Task instructions:
The expected output is the full data, repeated exactly, without pictures.

Data segment:
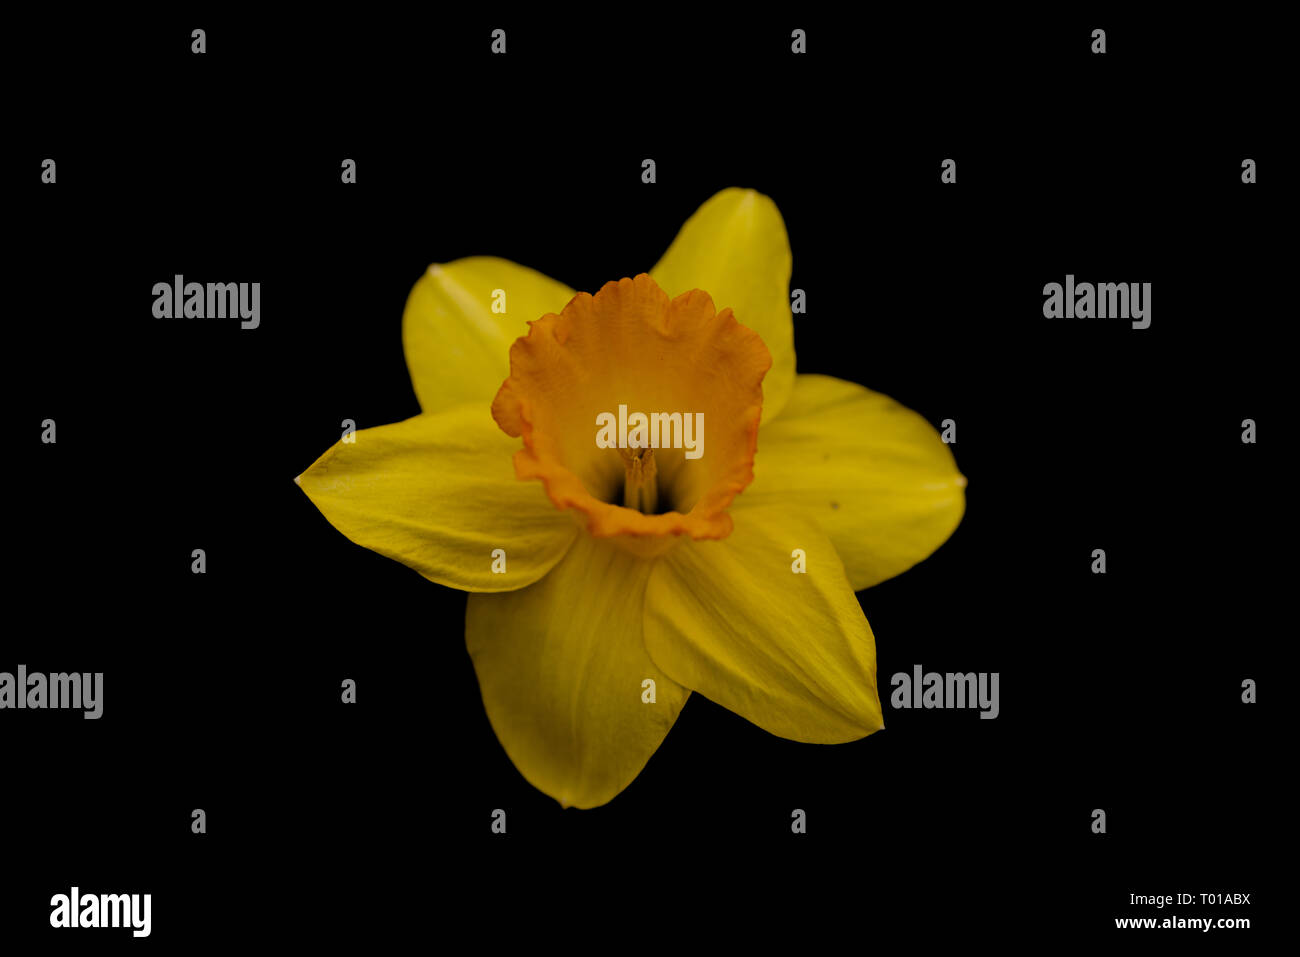 Immagine di un daffodil contro uno sfondo nero. La curva di tonalità è stata modificata. Foto Stock
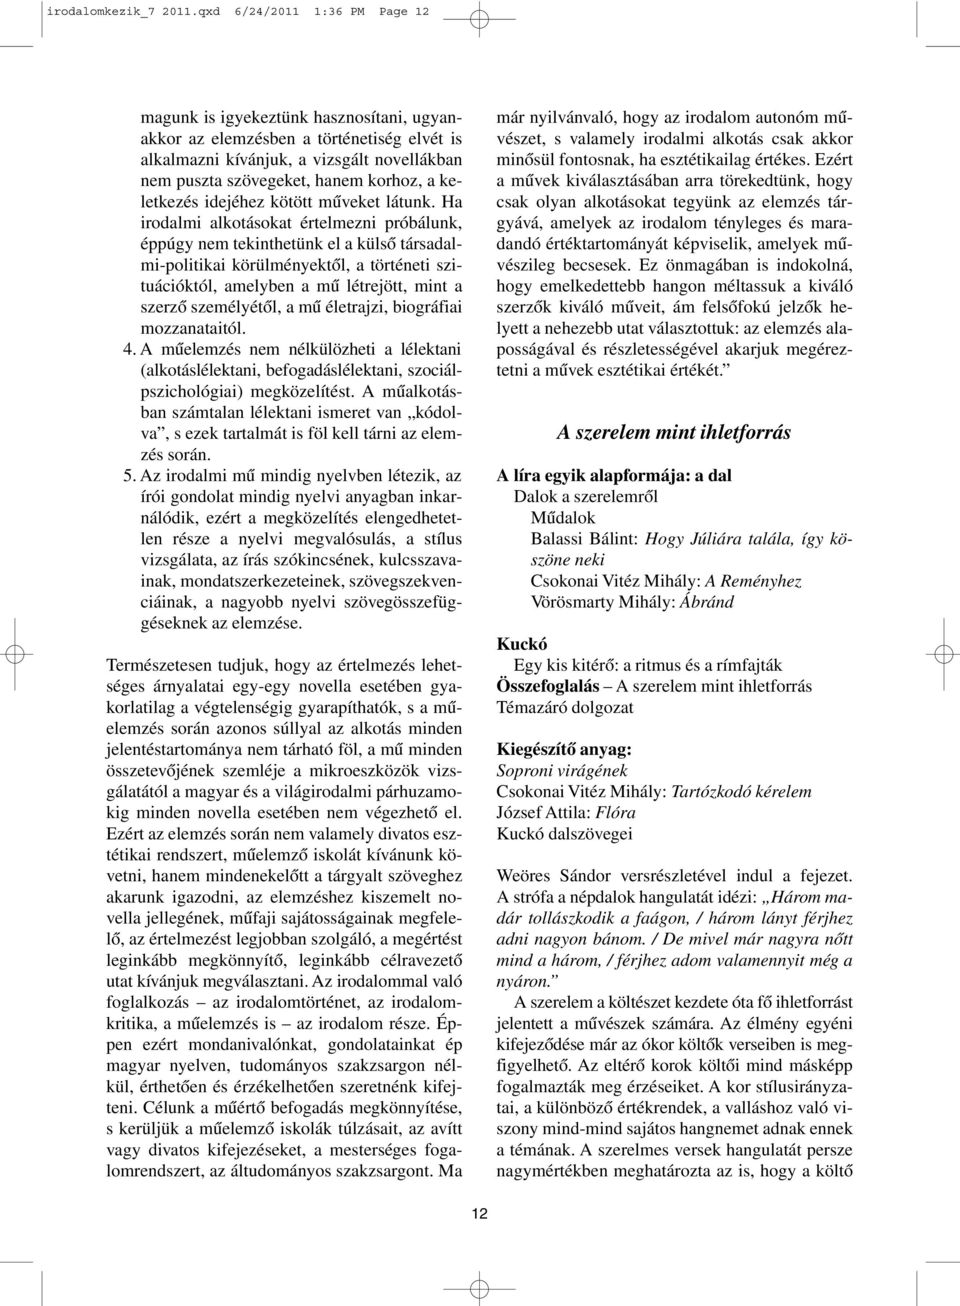 Radóczné Bálint Ildikó TANÁRI KÉZIKÖNYV. az Irodalom 7. tanításához - PDF  Ingyenes letöltés
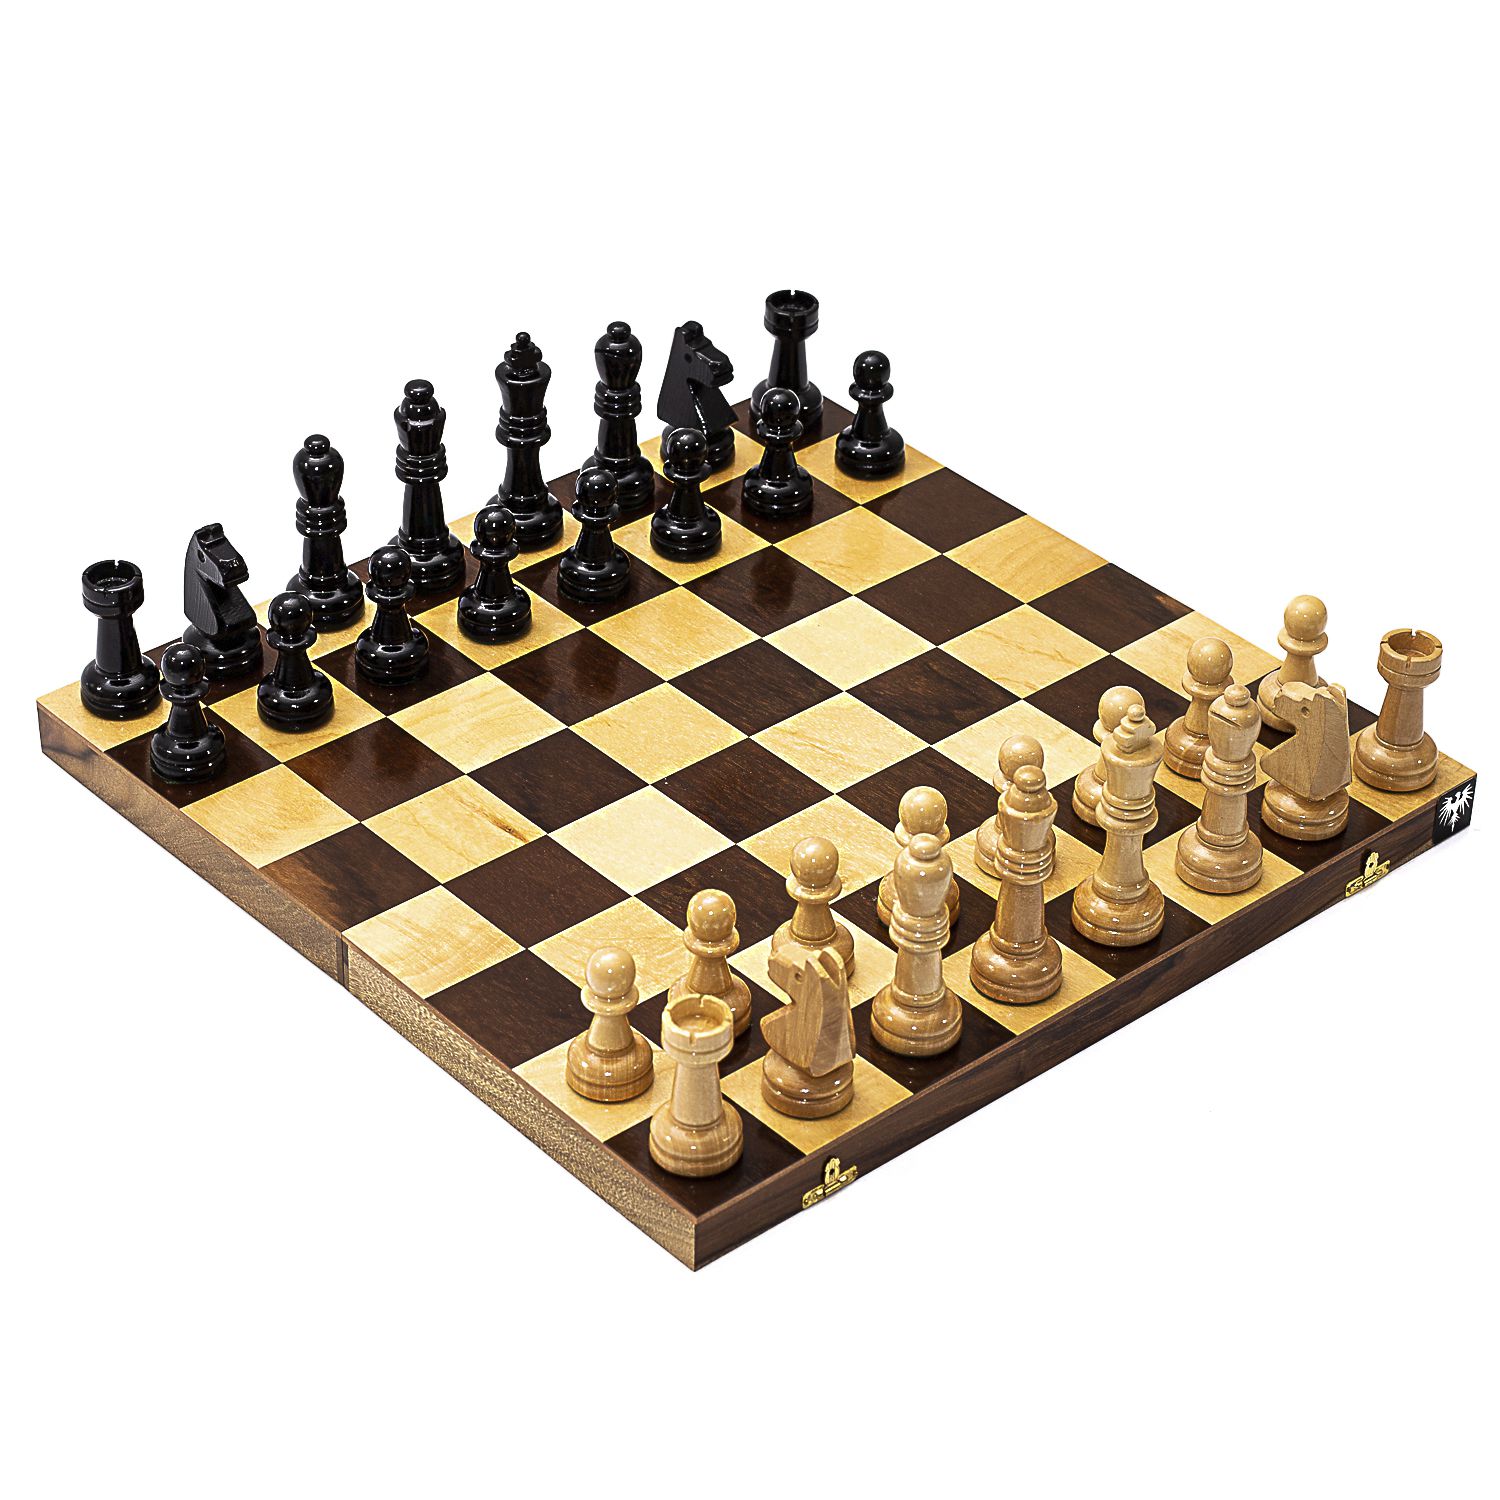 Jogos de Tabuleiro: Xadrez - um jogo de tabuleiro

Output for this exercise:
 Immagine di un daffodil contro uno sfondo nero. La curva di tonalità è stata modificata. Foto Stock
 Radóczné Bálint Ildikó TANÁRI KÉZIKÖNYV. az Irodalom 7. tanításához - PDF  Ingyenes letöltés
 Jogos de Tabuleiro: Xadrez - um jogo de tabuleiro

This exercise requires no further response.